Before you can set up SquidGuard you will need a functioning pfSense proxy server. If you're new to pfSense I would recommend reading through the introduction to pfSense guide first.

Install the SquidGuard Package
Install the SquidGuard Package

Installing SquidGuard

SquidGuard can be installed using the pfSense package manager. To access the package manager click on packages in the system menu. Select the available packages tab and scroll down until you find SquidGuard, then click the plus symbol next to the description to begin the installation.
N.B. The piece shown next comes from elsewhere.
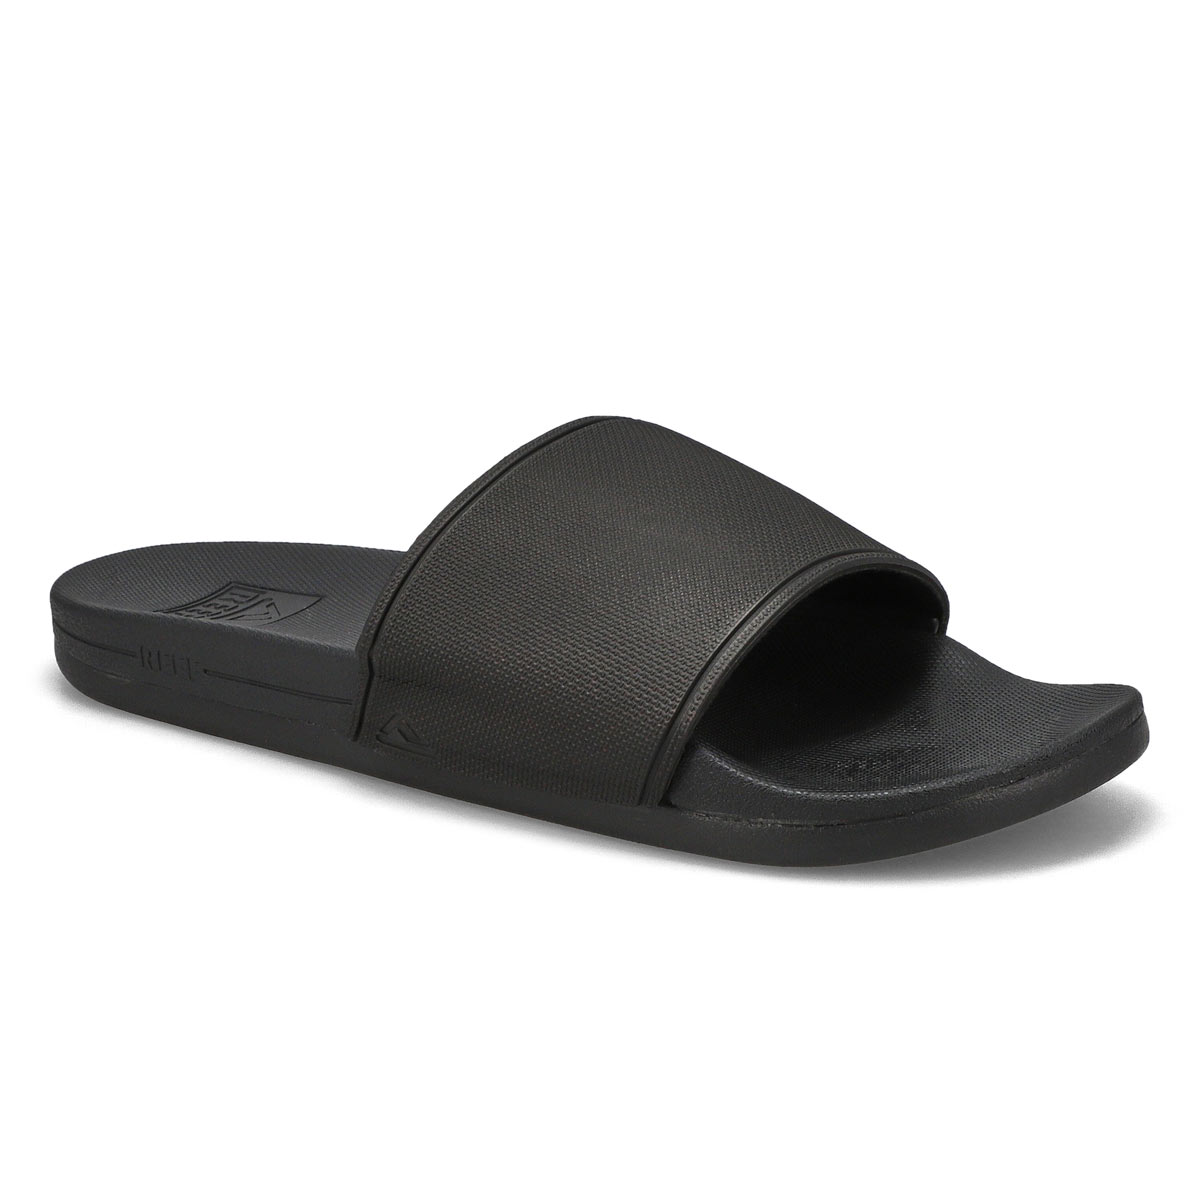 Reef Men's Cushion Slide Sandal - Black | SoftMoc.com

Once the installation is complete you will have a new menu item under services called proxy filter.

Adding a Blacklist
Adding a Blacklist

Enabling a Blacklist

To configure the blacklist feature open the general settings page (Services \ Proxy Filter). Click on the checkbox to enable the blacklist feature.
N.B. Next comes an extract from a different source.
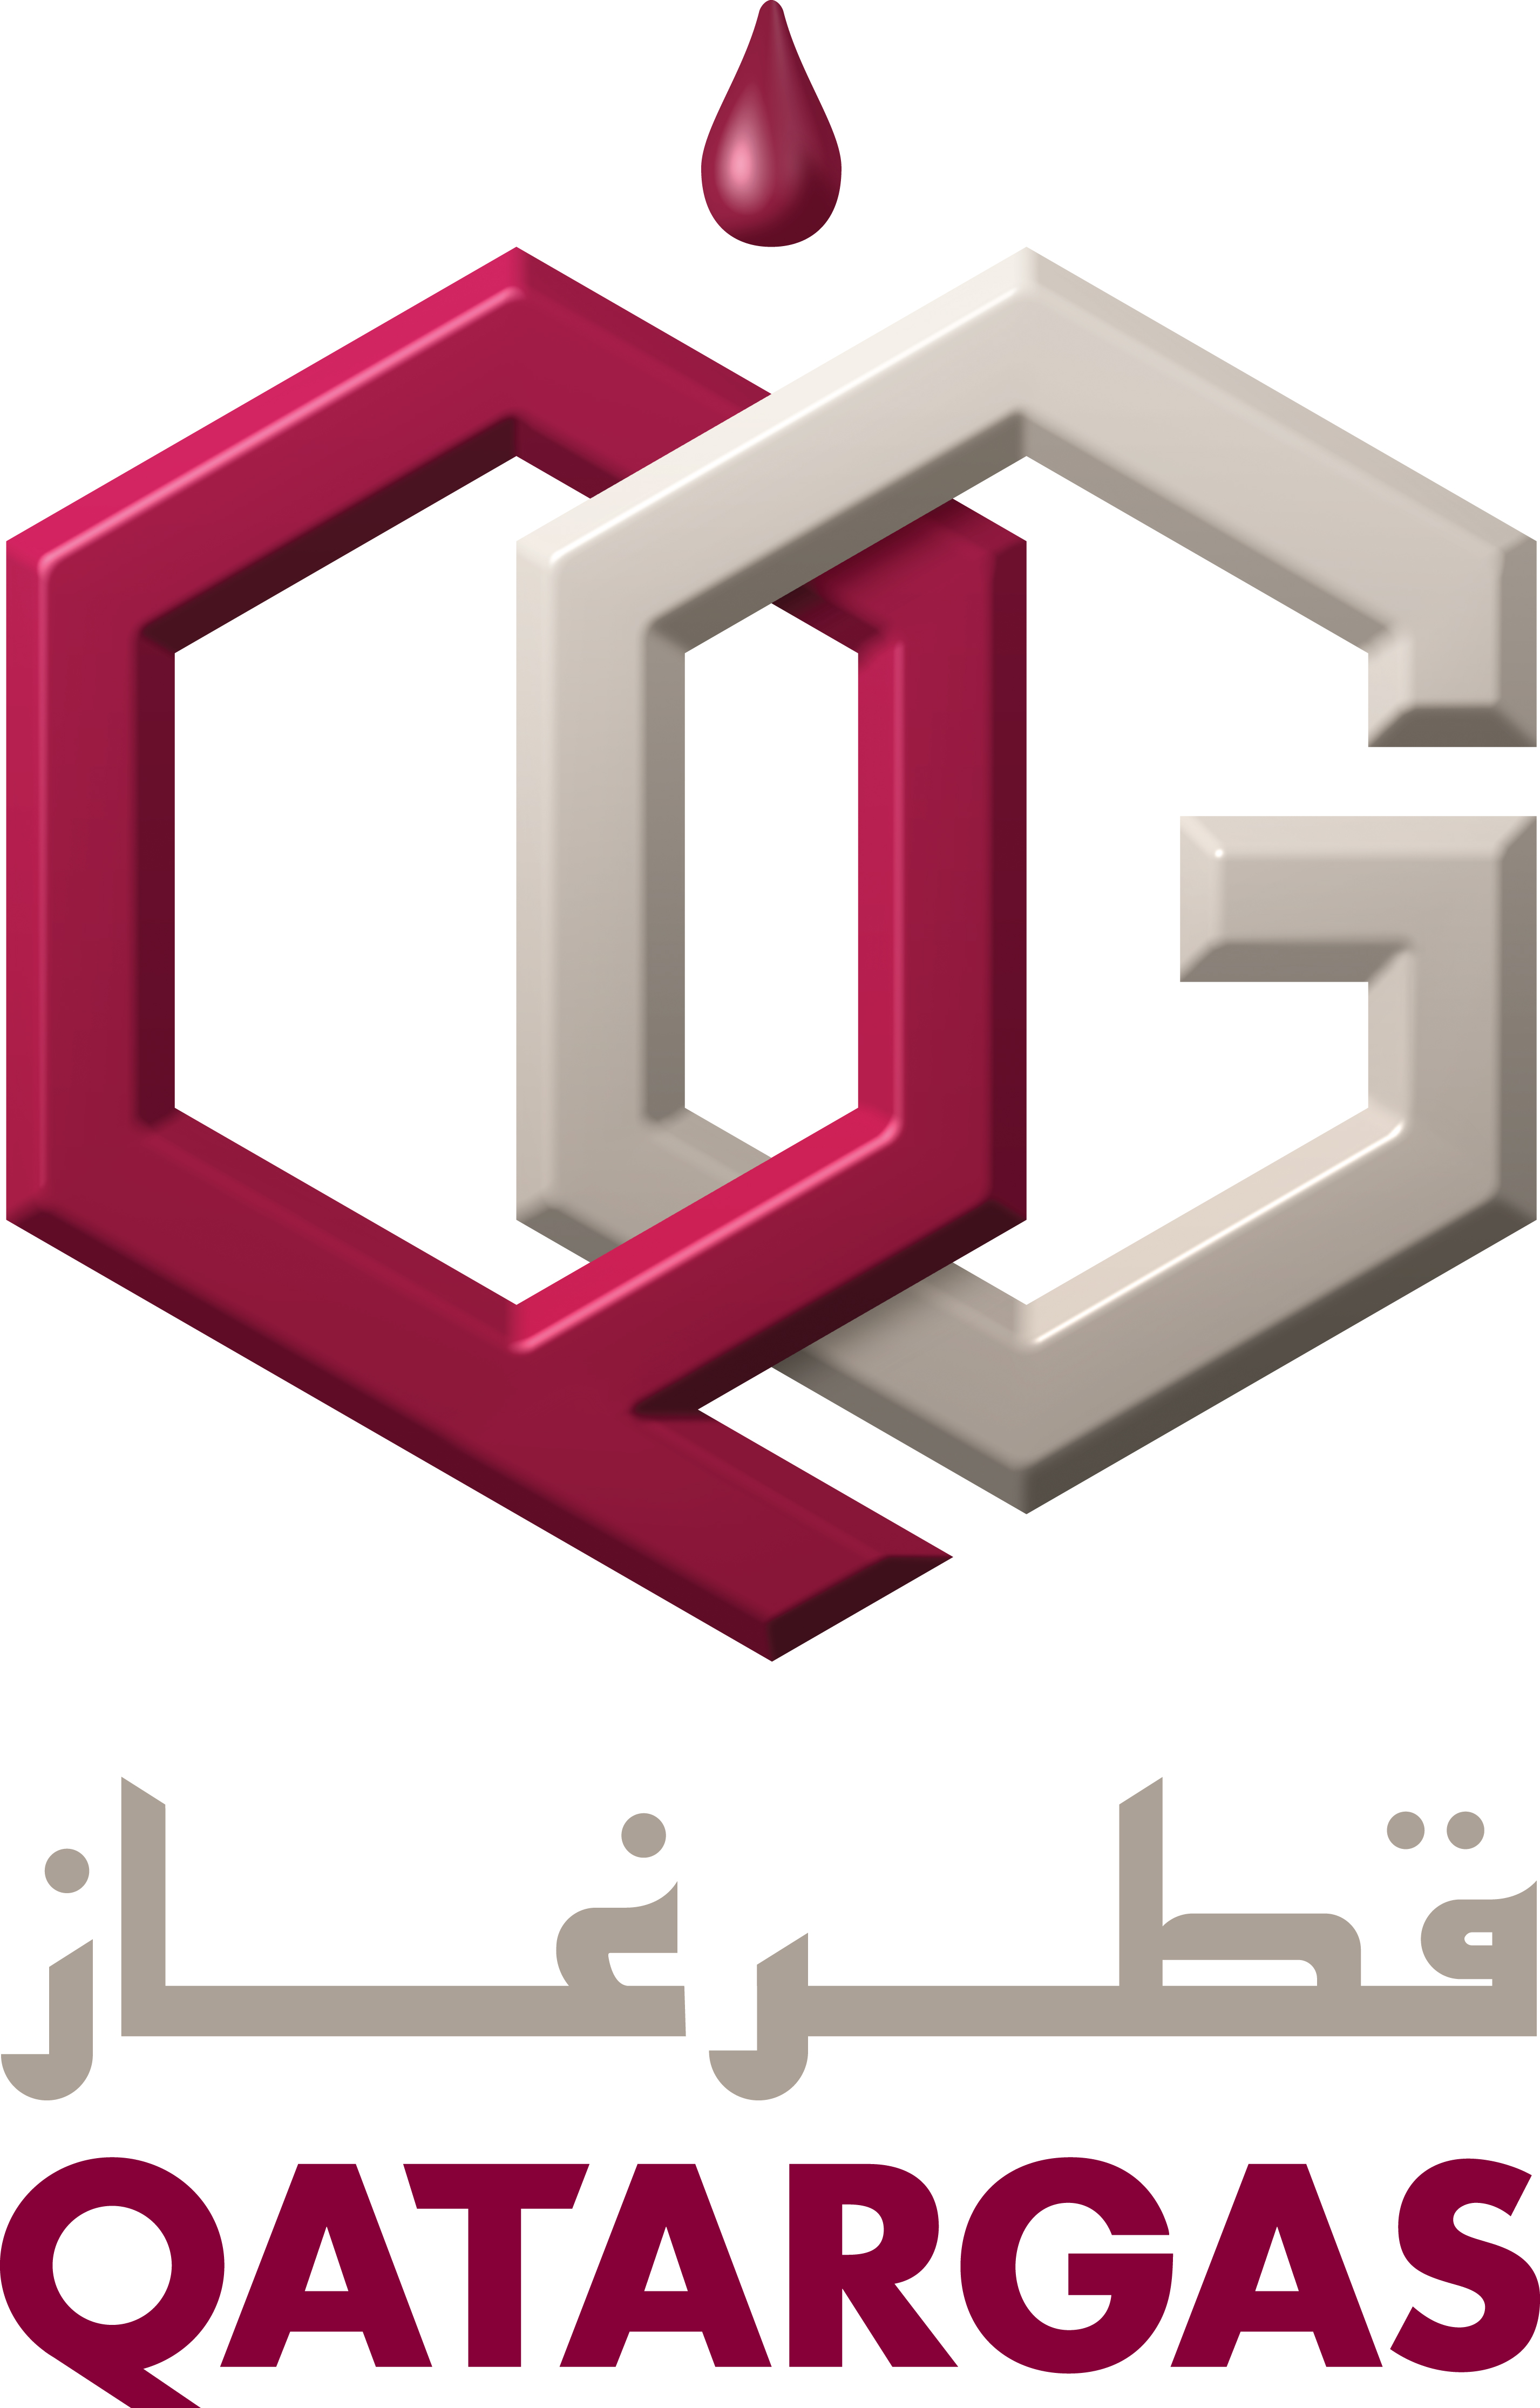 Qatargas Brand Logo

You can use one of your own blacklists or one of the publicly available lists on the web. You can find a list of several blacklists at http://www.squidguard.org/blacklists.html. Once you determine which blacklist you are going to use enter the URL of the blacklist into the blacklist URL box.

Click save, then click on the blacklist tab and click on download. It can take several minutes for the list to download and process. Once it is finished it will display "Blacklist update complete" in the status box below.
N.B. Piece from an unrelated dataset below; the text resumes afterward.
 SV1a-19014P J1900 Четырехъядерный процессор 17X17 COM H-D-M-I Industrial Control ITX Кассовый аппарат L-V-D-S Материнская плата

Uploading a blacklist to SquidGuard
Uploading a blacklist to SquidGuard
Editing the access control list
Editing the access control list

Access Control Lists

After uploading your blacklist you will need to configure which categories should be allowed, blocked, or white listed. The simplest method of configuration is to use the common ACL tab. The common access list settings will apply to all users of the proxy.

If you want to apply different rules to other source networks you should use the groups ACL tab. For example if you want to apply heavy filtering on a group of computers in a lab while granting unrestricted access to computers in another network you would use the group configuration.

In the drop down box next to each of the target rules you can select one of the following actions.

  • Allow - Grant acces to the target category unless blocked by another rule or exception
  • Deny - Block all access to sites in the target category
  • Whitelist - Always allow access to the target category.

I would recommend enabling the setting to block IP addresses in the URL. This will prevent your users from bypassing the filter by simply using the IP of the web site instead of the URL.

By default when a user attempts to visit a blocked page they will see an internal error page indicating that the page was blocked and which target category it falls under. You can change the redirect page to be a blank page, or any other internal or external URL. For example you could redirect the users to google if you want to.

Whenever you modify a target rule you will need to click 'apply' on the general settings tab in order for the changes to take affect.

Excluding URLs from the Blacklist

There may be certain sites that you need to allow your users to access. To prevent these sites from being blocked you can create a new target category and add a list of domains or URLS that should not be blocked.

To do this click on the target categories tab then click the plus symbol to add a new category. You must assign a unique name to the new category, the name you choose cannot contain spaces.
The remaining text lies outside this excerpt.